Pain in the arm associated with weakness may indicate disease or damage to the brachial plexus. This is the large trunk of nerves that enters the arm from the neck.
If there is severe pain in the arm or hand after trauma, then fracture or muscle or ligament injury is the probable cause. If there is deformity, fracture is the likely problem.
Arm pain occurring during exercise is ominous. This suggests lack of blood flow to the arm. Possible causes include arterial narrowing to the arm or possible heart disease. Immediate cardiology evaluation is recommended.
Diseases of the gall bladder and lung may also cause referred pain to the shoulder and arm.
Pain in the elbow, wrist, or finger, accompanied by swelling, redness, heat indicates inflammation. If there is fever, then infection is a strong possibility. The patient needs to be worked up for streptococcal or other infectious problem. If there is no fever or low grade fever, then inflammatory types of arthritis such as gout, pseudogout, psoriatic arthritis, and rheumatoid arthritis need to be considered.
Hand discomfort accompanied by color changes in the fingers also indicates a circulatory problem. Possibilities include Raynaud’s phenomenon or arterial problem in the arm. Vascular work up is advised.
If there is color and temperature change along with sweating of the arm and this has come on after trauma, then a diagnosis of reflex sympathetic dystrophy is suggested.
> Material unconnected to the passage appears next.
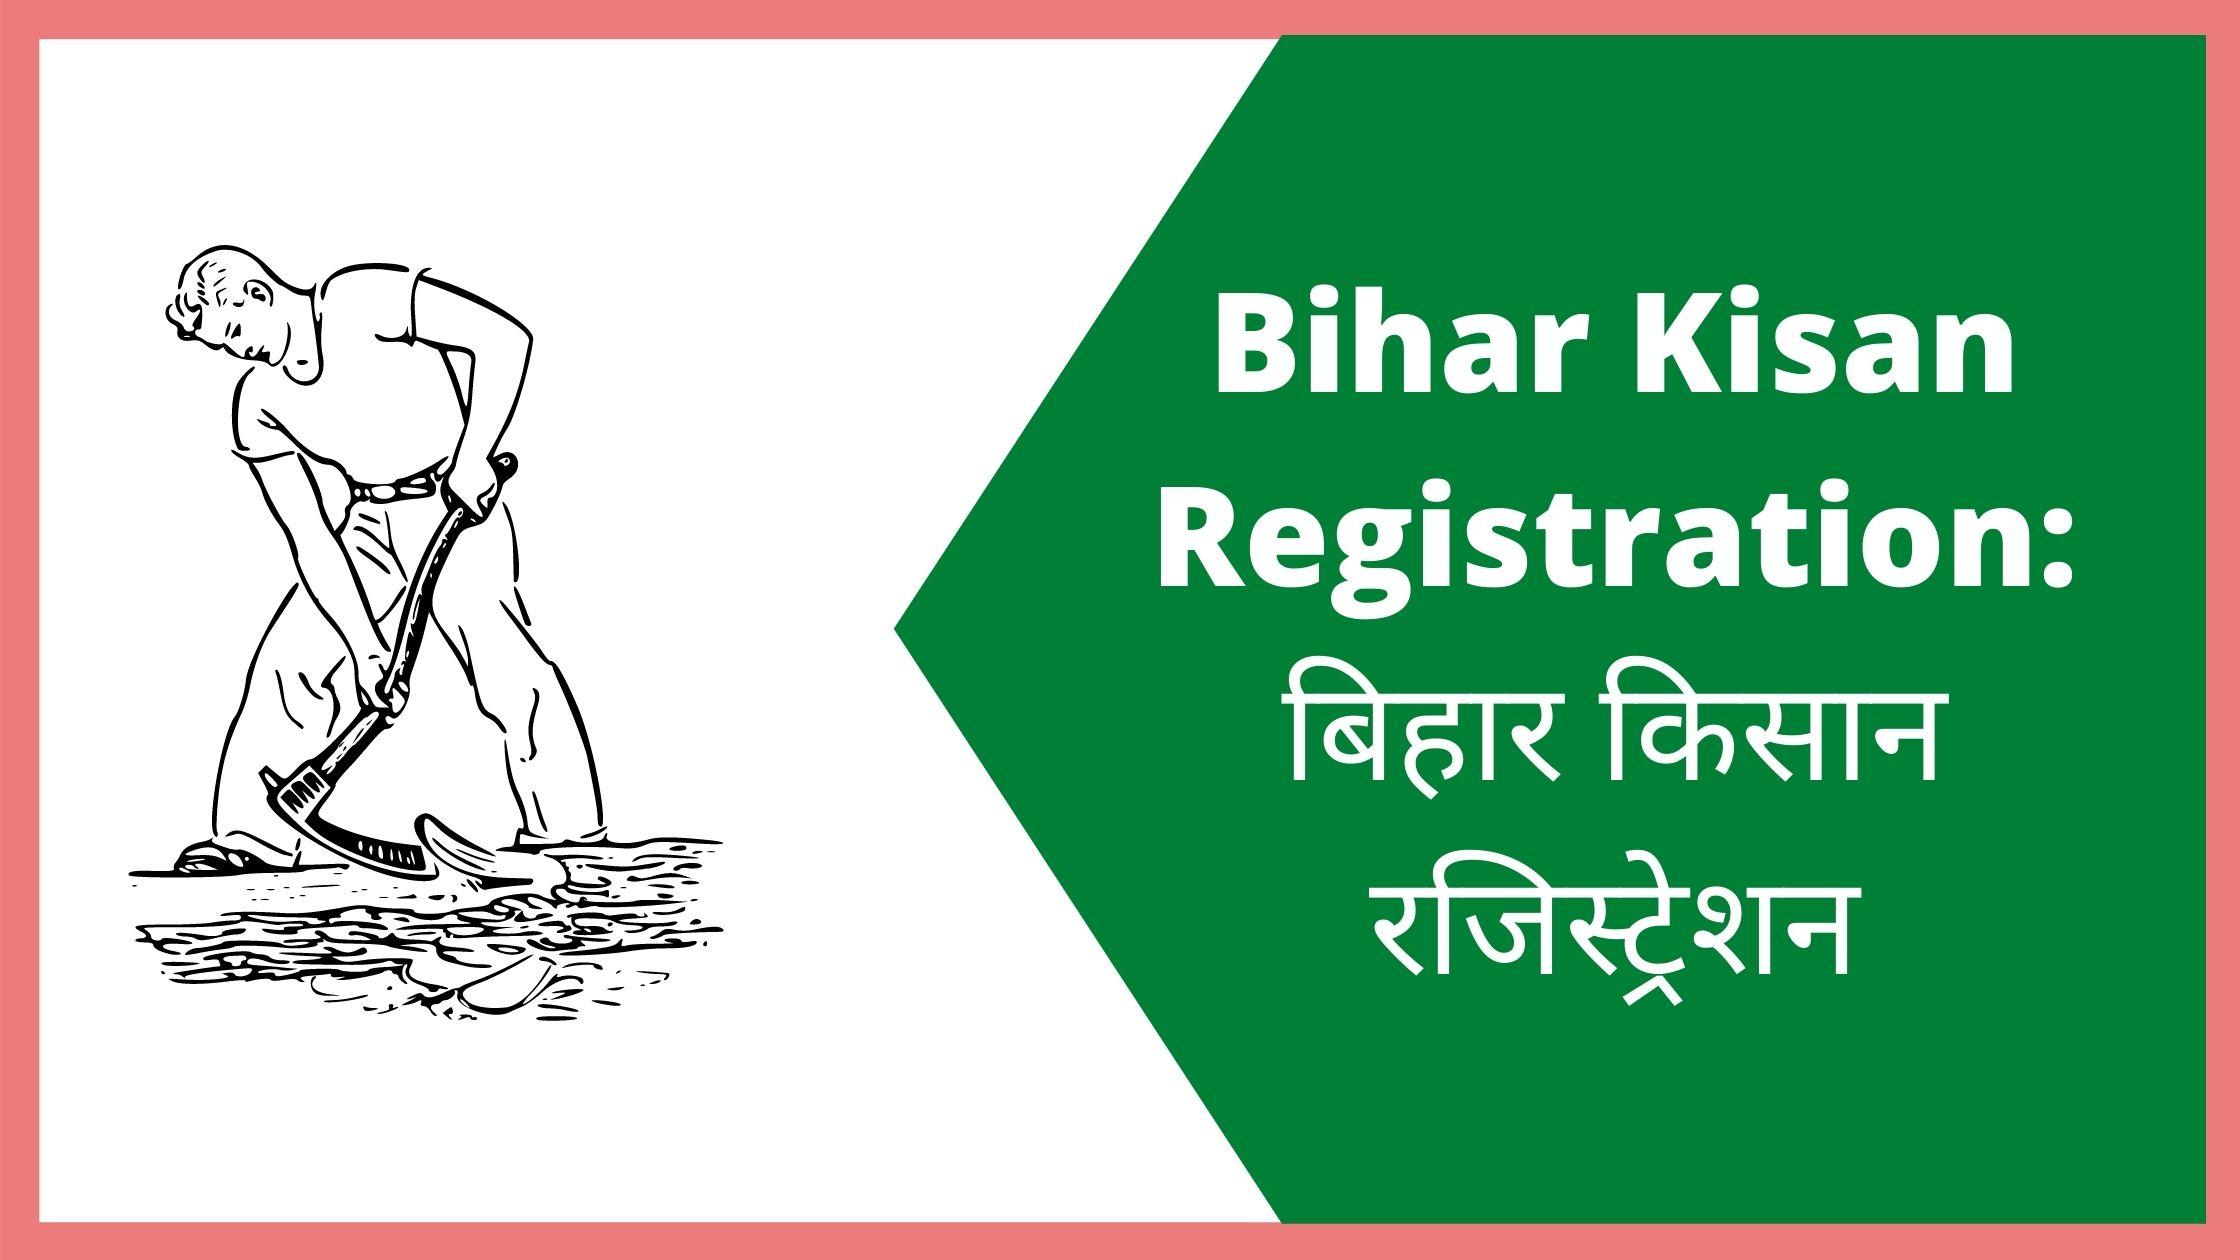 Bihar Kisan Registration: बिहार किसान रजिस्ट्रेशन
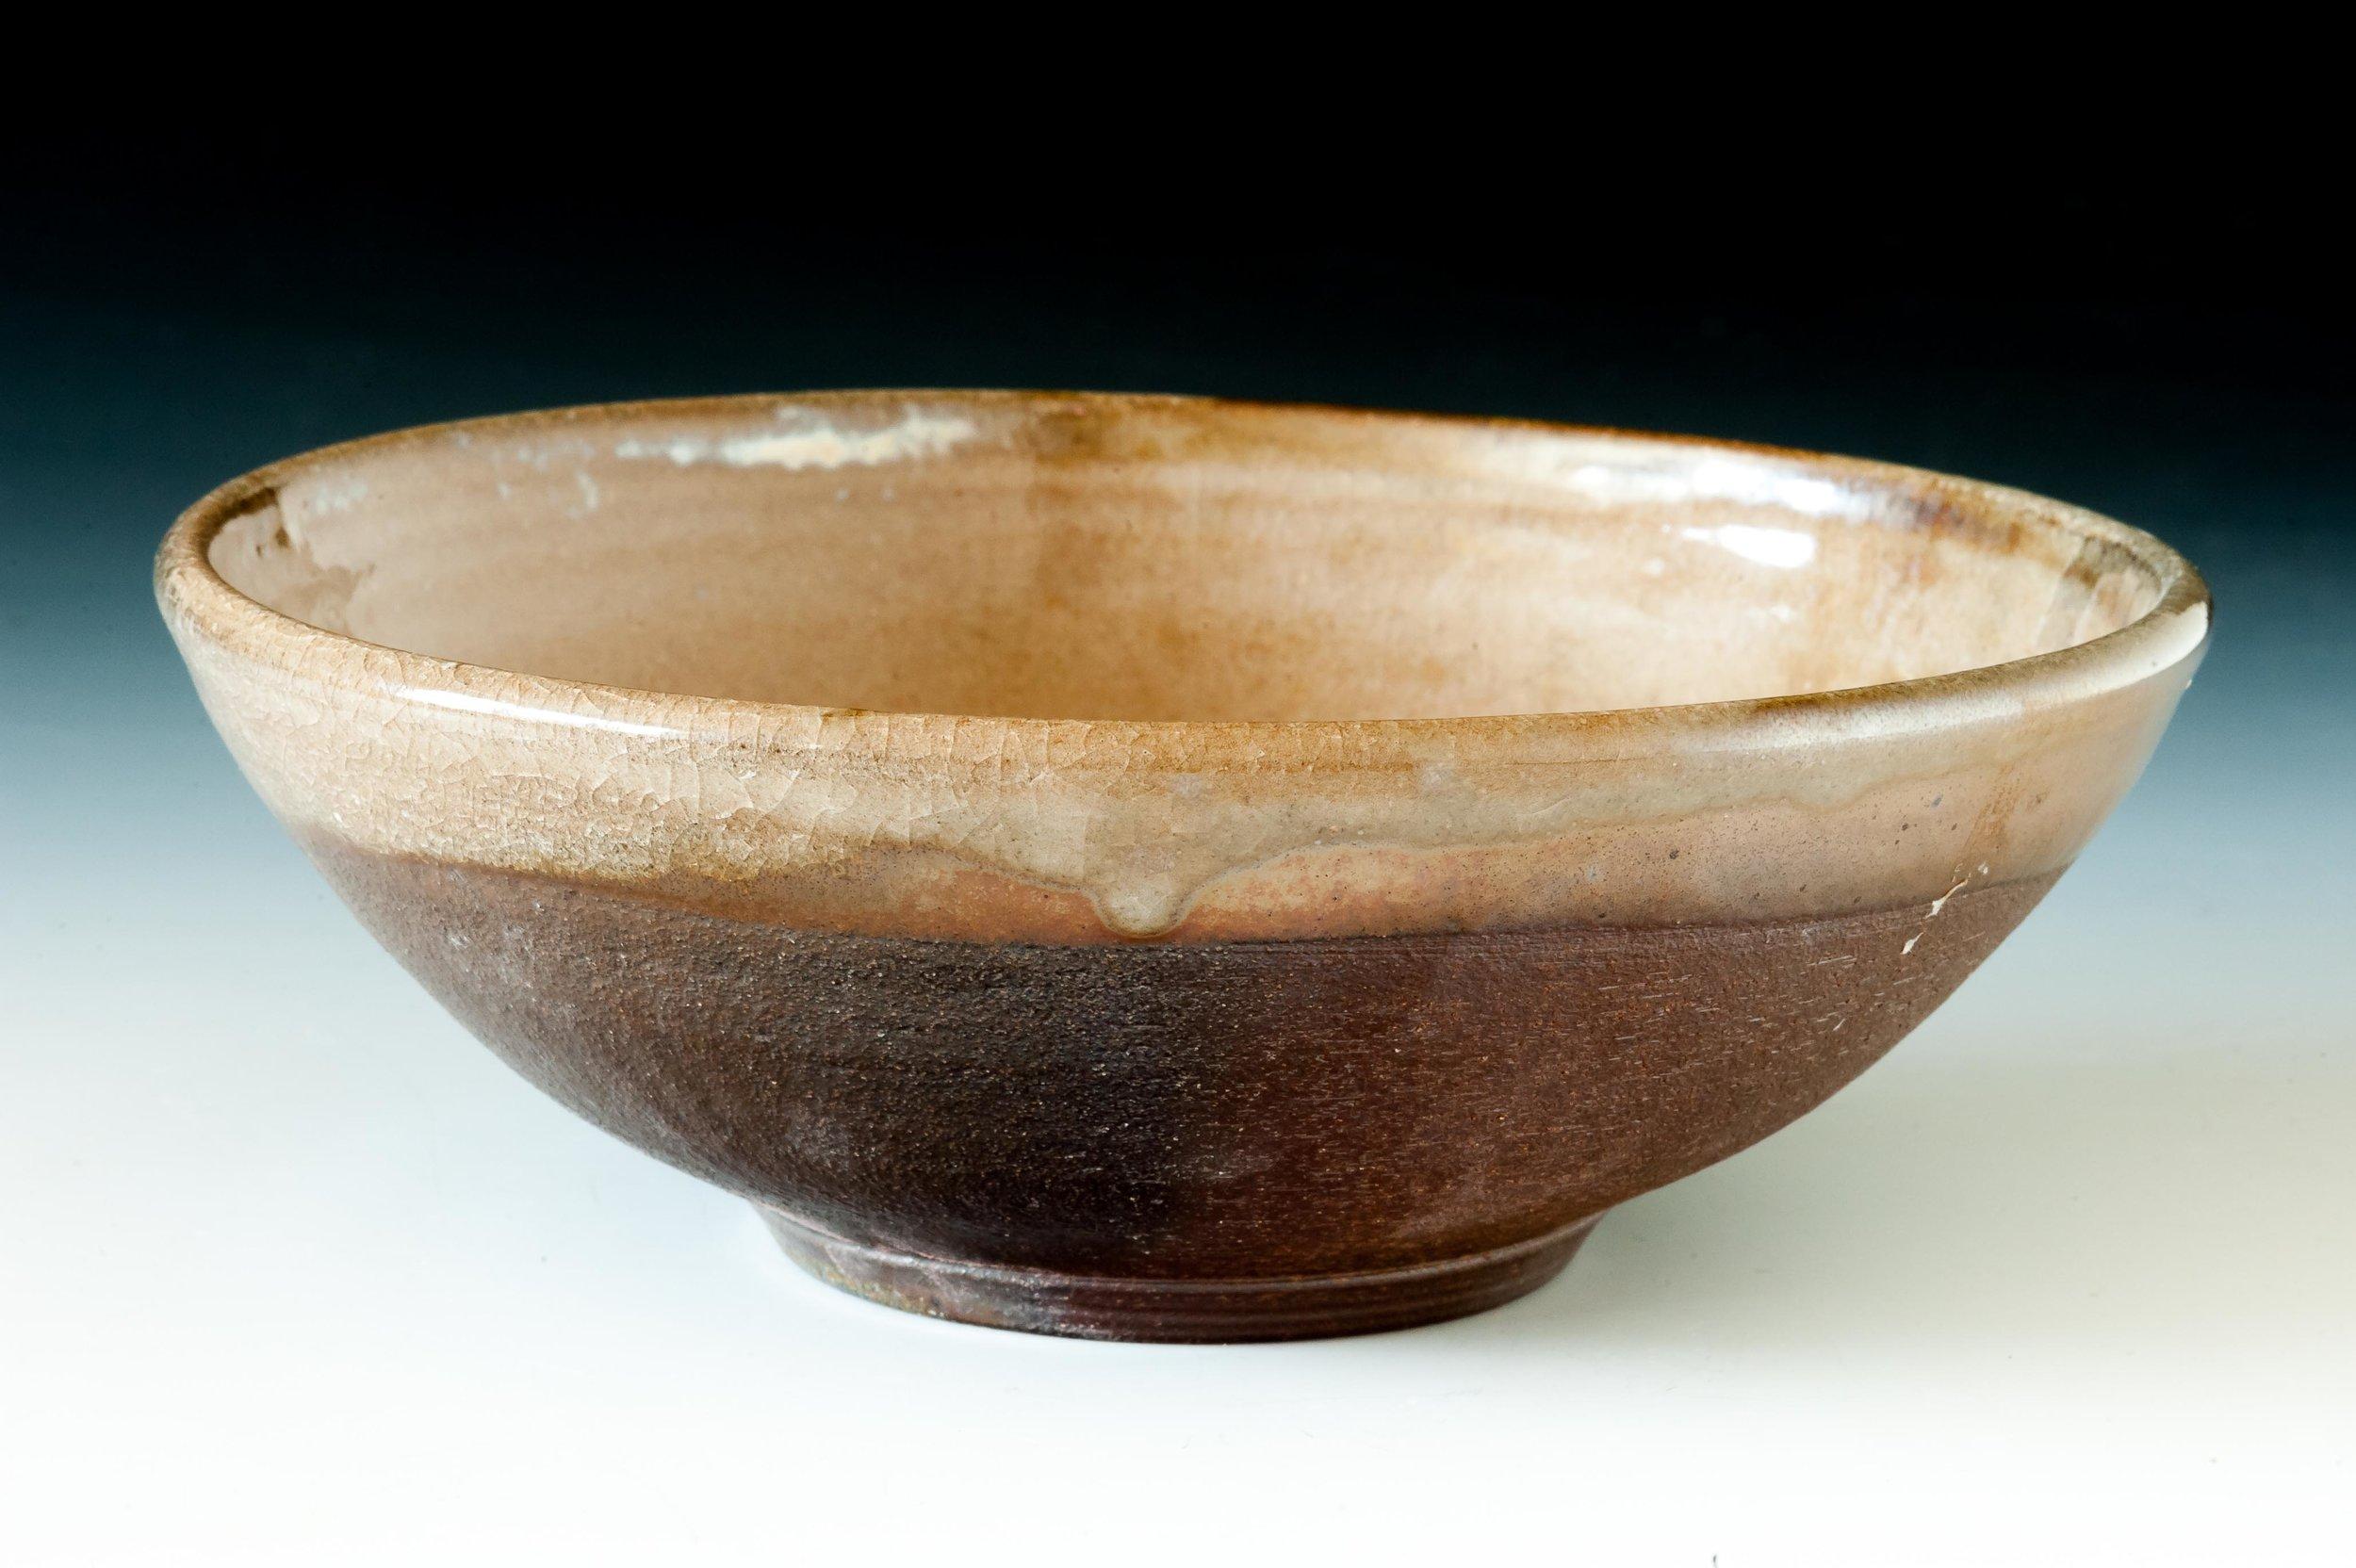 bowls on gradient-3321.jpg

A bone scan looking for a difference in blood flow between the affected and non-affected limb may be helpful for diagnosis.
Pain the arm or hand accompanied by numbness, tingling, and neck stiffness or pain points towards a possible problem with cervical radiculopathy (pinched nerve in neck). The diagnosis is made through careful physical examination and magnetic resonance imaging (MRI) of the neck and electrical studies to demonstrate nerve damage.
Pain in the fingers around the fingernail indicates a possible paronychia (infection of the base of the nail). This should be evaluated for possible incision and drainage.
Rarely, arm pain is due to malignancy such as osteosarcoma.